Grape Juice no es una novela técnica sobre vino ni una historia de bodegas y puntuaciones. Es una novela sobre vínculos, sobre lo que sucede cuando la rutina se agota y el cuerpo pide otra cosa. La vendimia aparece como un tiempo suspendido: días largos, trabajo físico, conversaciones nocturnas, rutas secundarias, pueblos pequeños y copas compartidas sin solemnidad.

En ese estadio entra en juego un ambiente intimista, sensorial y descriptivo. El personaje transita cocinas, rutas, bares y mesas donde se conjugan los sentimientos, mientras las descripciones completan escenas costumbristas.

Como suele suceder en estos casos, Dumais reconoce que muchos pasajes están inspirados en su propia vida: una estampa a veces cercana y otras más distante de sus vivencias y sensaciones en un mundo complejo y pleno de verdades subjetivas. Allí se plasma una mirada emocional que construye puentes entre dos universos y deja ver su veta como comunicadora del vino natural.

Una escena que cobra vida

Habitual de Anaïs, un pequeño bar de vinos a la luz de las velas escondido entre las casas de ladrillo de uno de los barrios más reconocidos de Brooklyn, Boerum Hill, Eliza se mueve en este ámbito con naturalidad, como si hubiera nacido en él.

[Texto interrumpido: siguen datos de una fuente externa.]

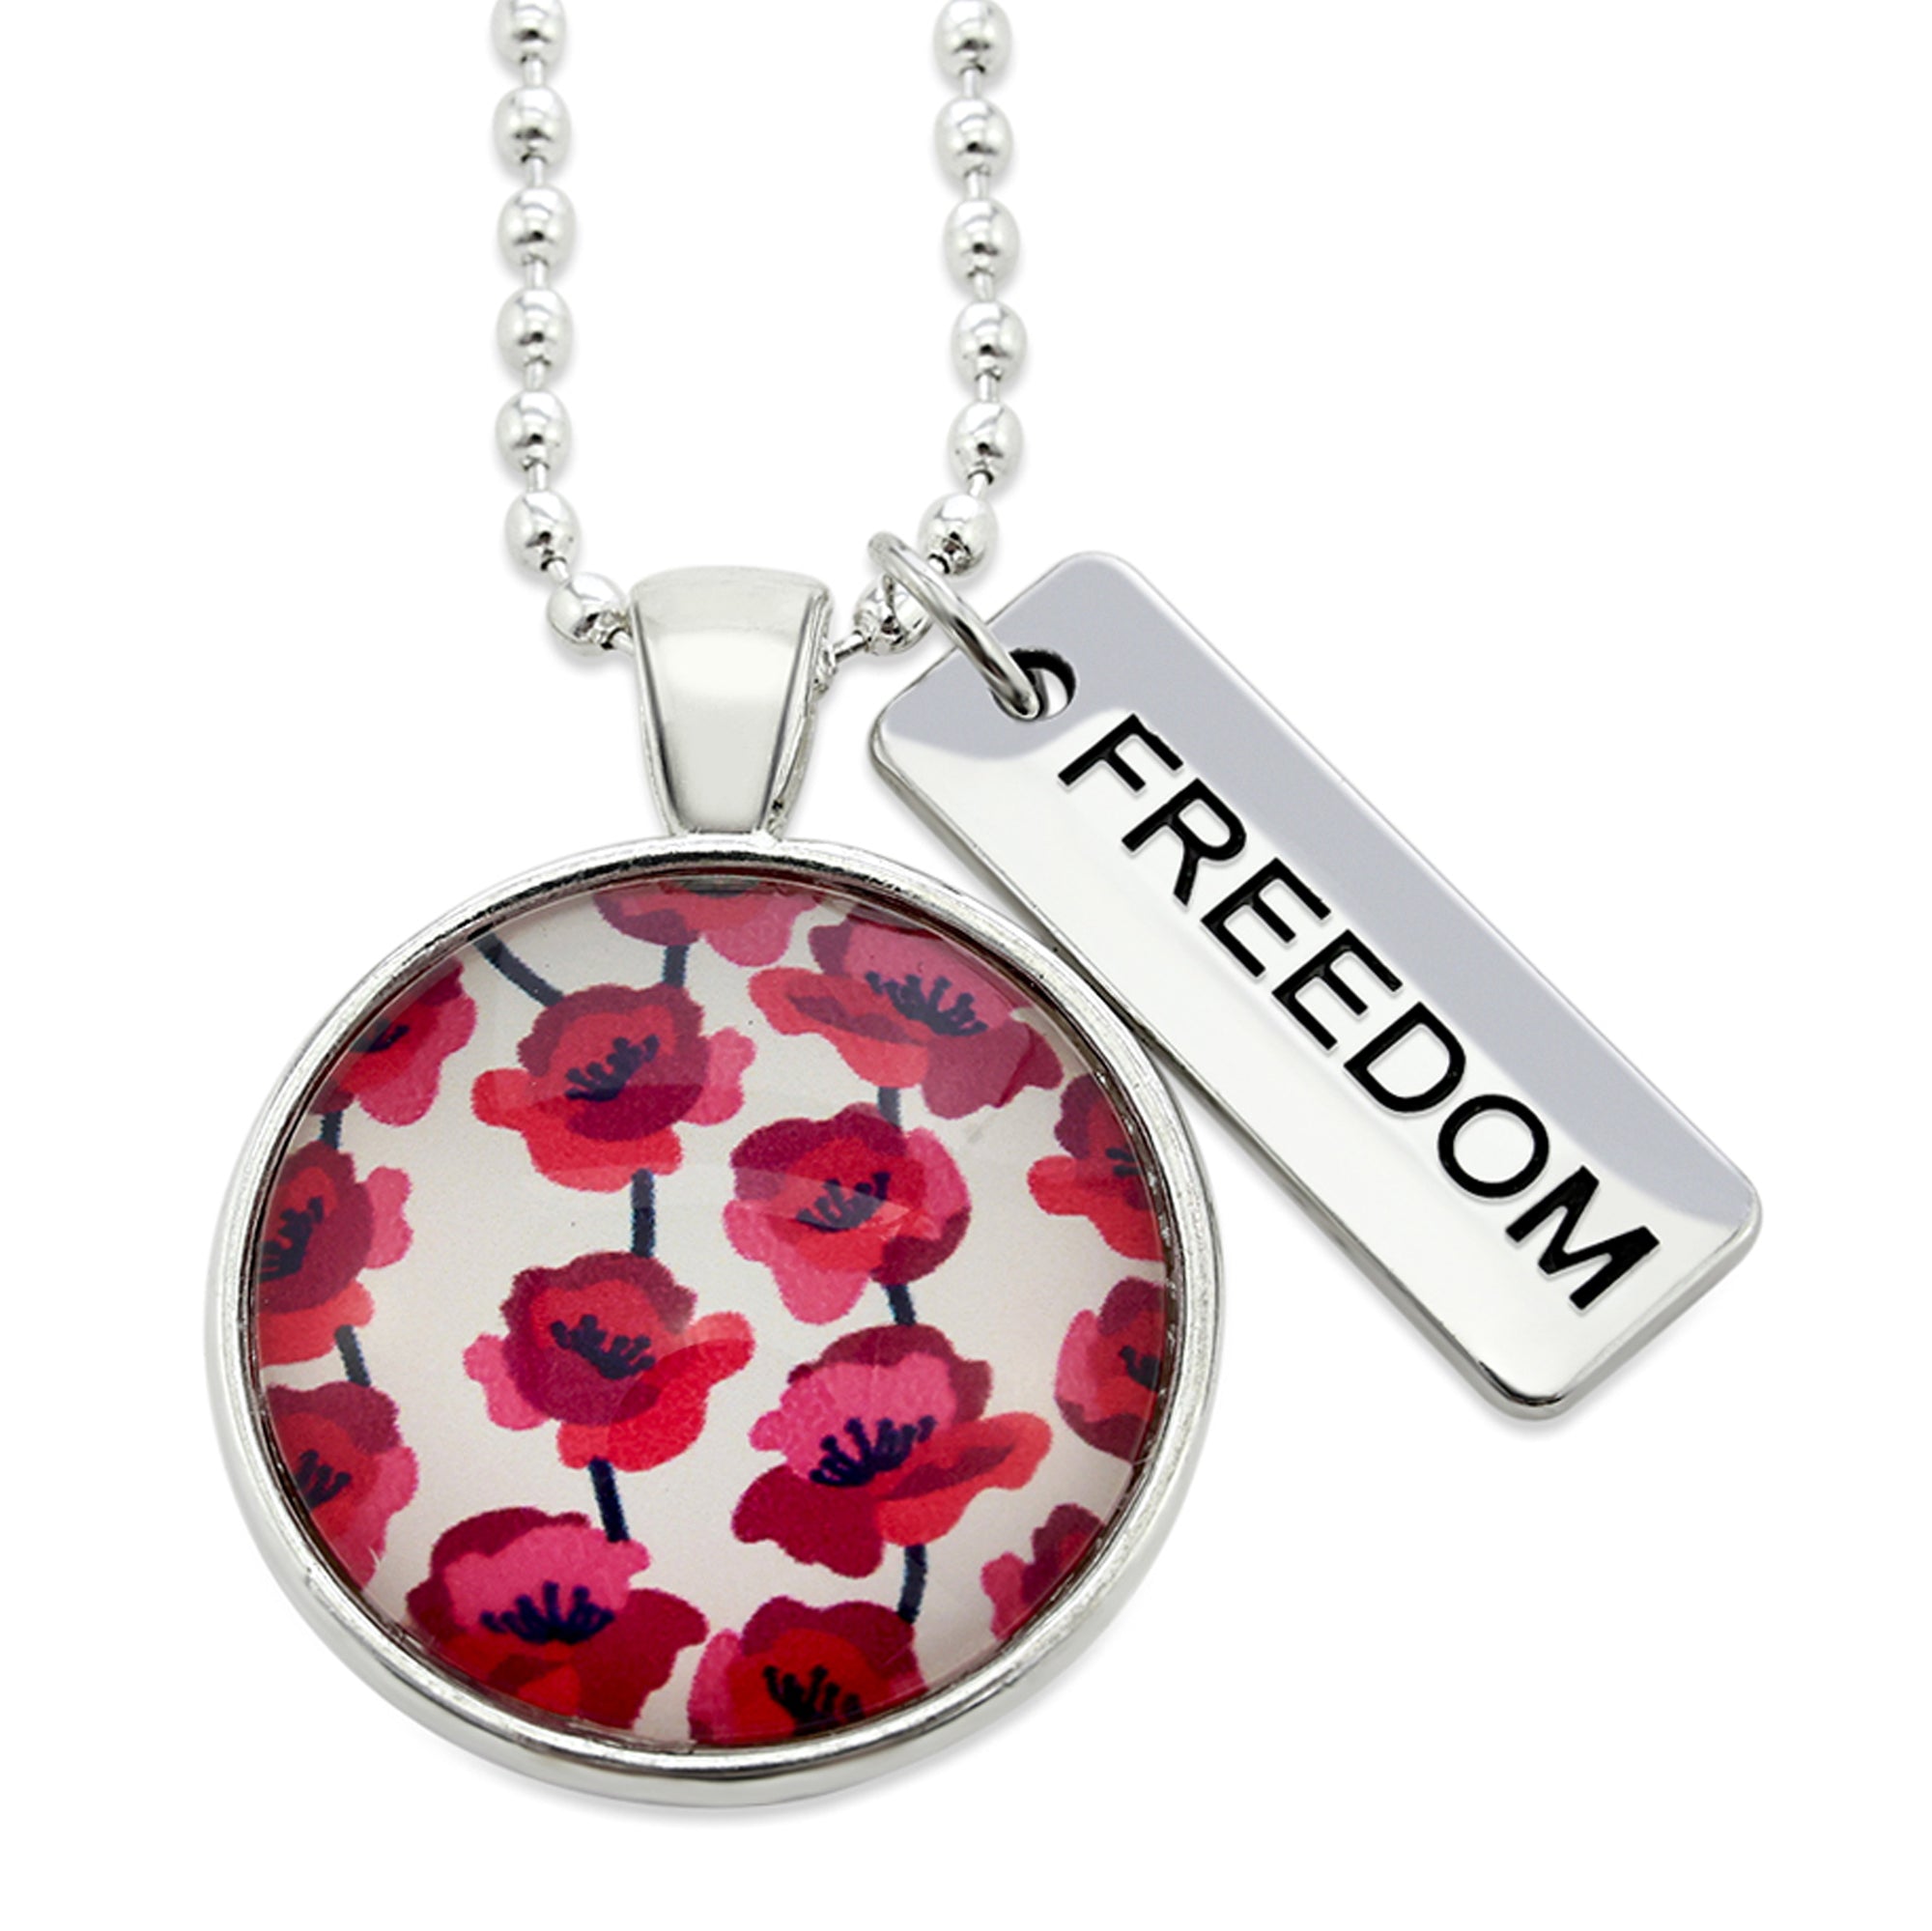 POPPIES Collection - Bright Silver 'FREEDOM' Necklace - Poppies Print (10245)

Su cercanía es con el ambiente y también con quienes lo frecuentan, porque es allí donde despliega el carisma que la llevó a transmitir con precisión lo que se siente al beber una copa de vino. Para eso elige vinos de pequeños productores, espumantes de casas recoletas con ediciones limitadas y bebidas que forman parte de bodegas de producción acotada, pequeños tesoros por descubrir.

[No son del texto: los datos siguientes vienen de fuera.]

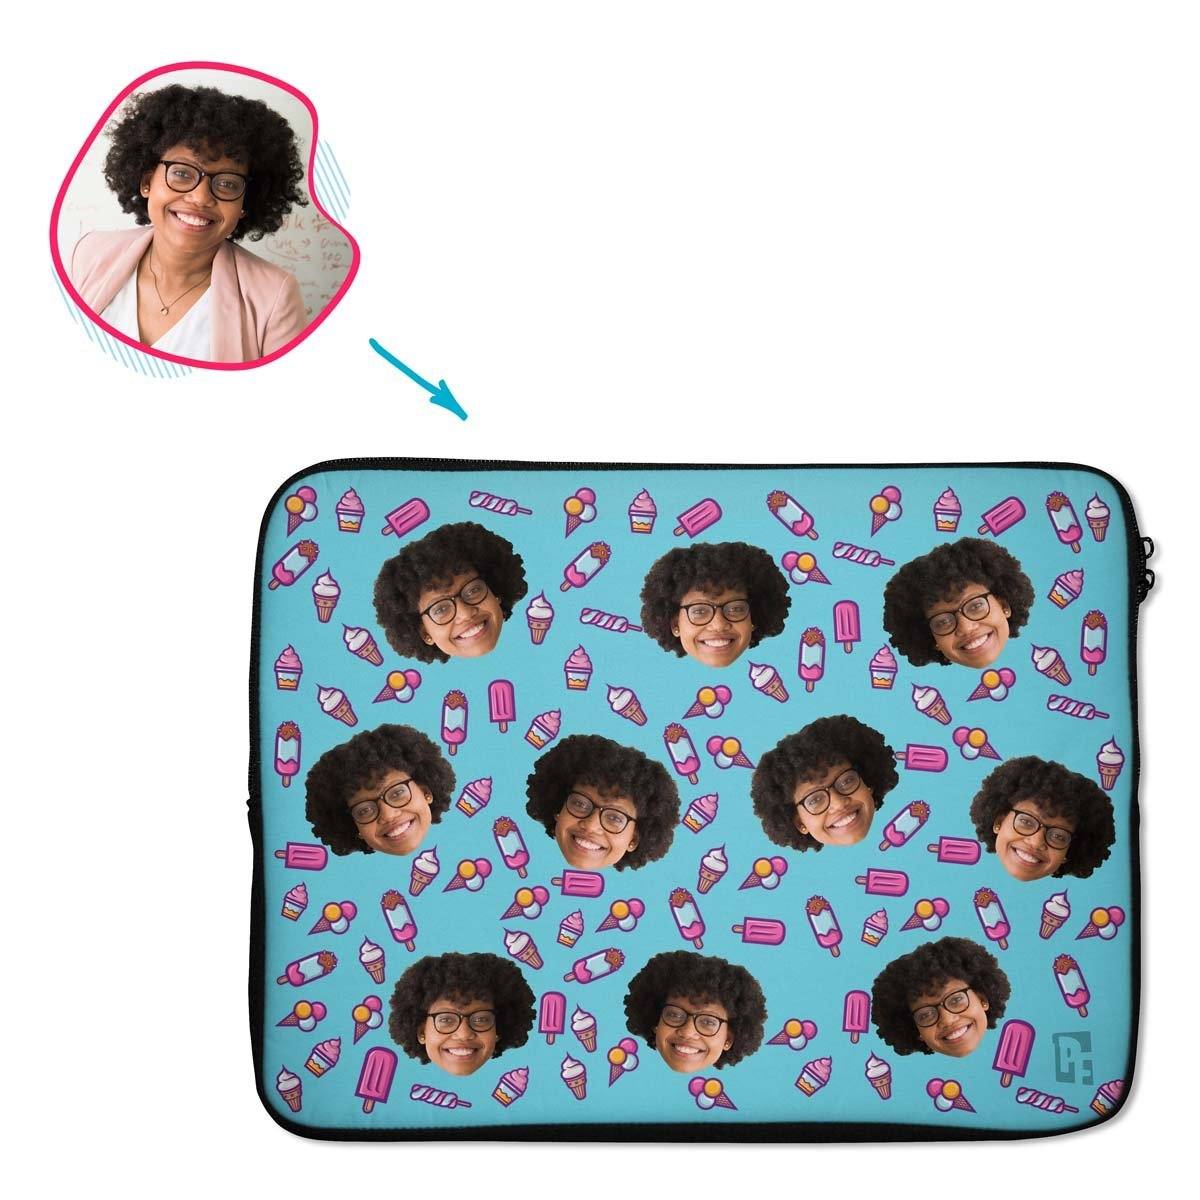 blue Candies laptop sleeve personalized with photo of face printed on them

Ese es uno de los escenarios que Eliza transita en una noche, porque luego de cierta hora se desplaza sigilosamente a otro, donde la escena la lleva a compartir experiencias con un grupo distinto, pero atravesado por la misma pasión.

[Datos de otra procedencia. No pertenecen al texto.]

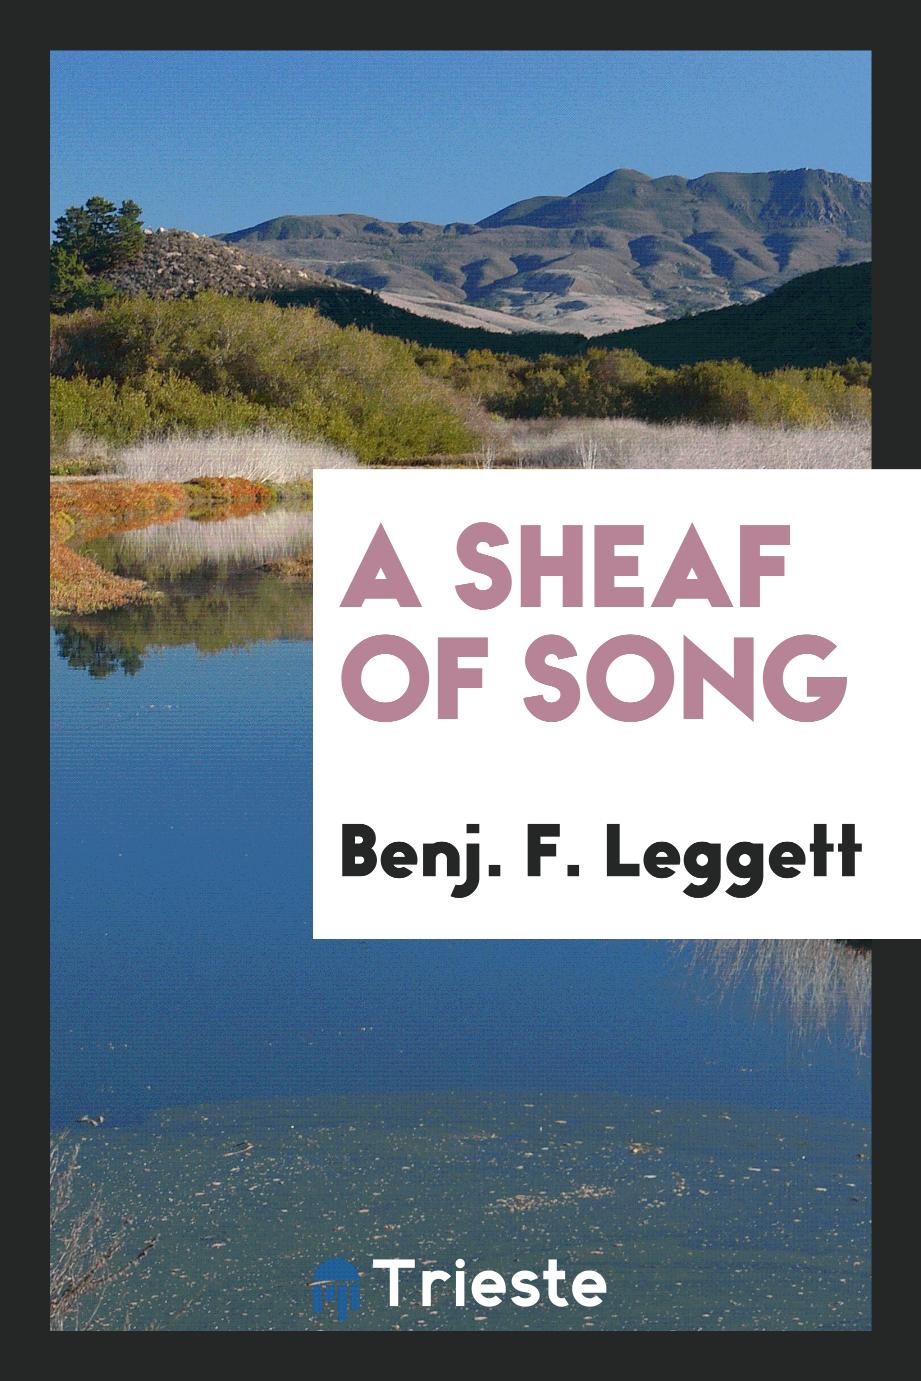 A Sheaf of Song

Eliza Dumais representa una figura actual y contemporánea, el prototipo de una enamorada del vino. Una historia que habla más que los ejemplos, que transmite vivencias desde lo más profundo y elige vivir a pleno lo que el presente le brinda. Todo para comunicar sin retaceos, eligiendo la autenticidad como lienzo sobre el cual se pintan sabores. Autenticidad y simpleza para adentrarnos en el mundo del vino natural, donde todo está aún por descubrirse.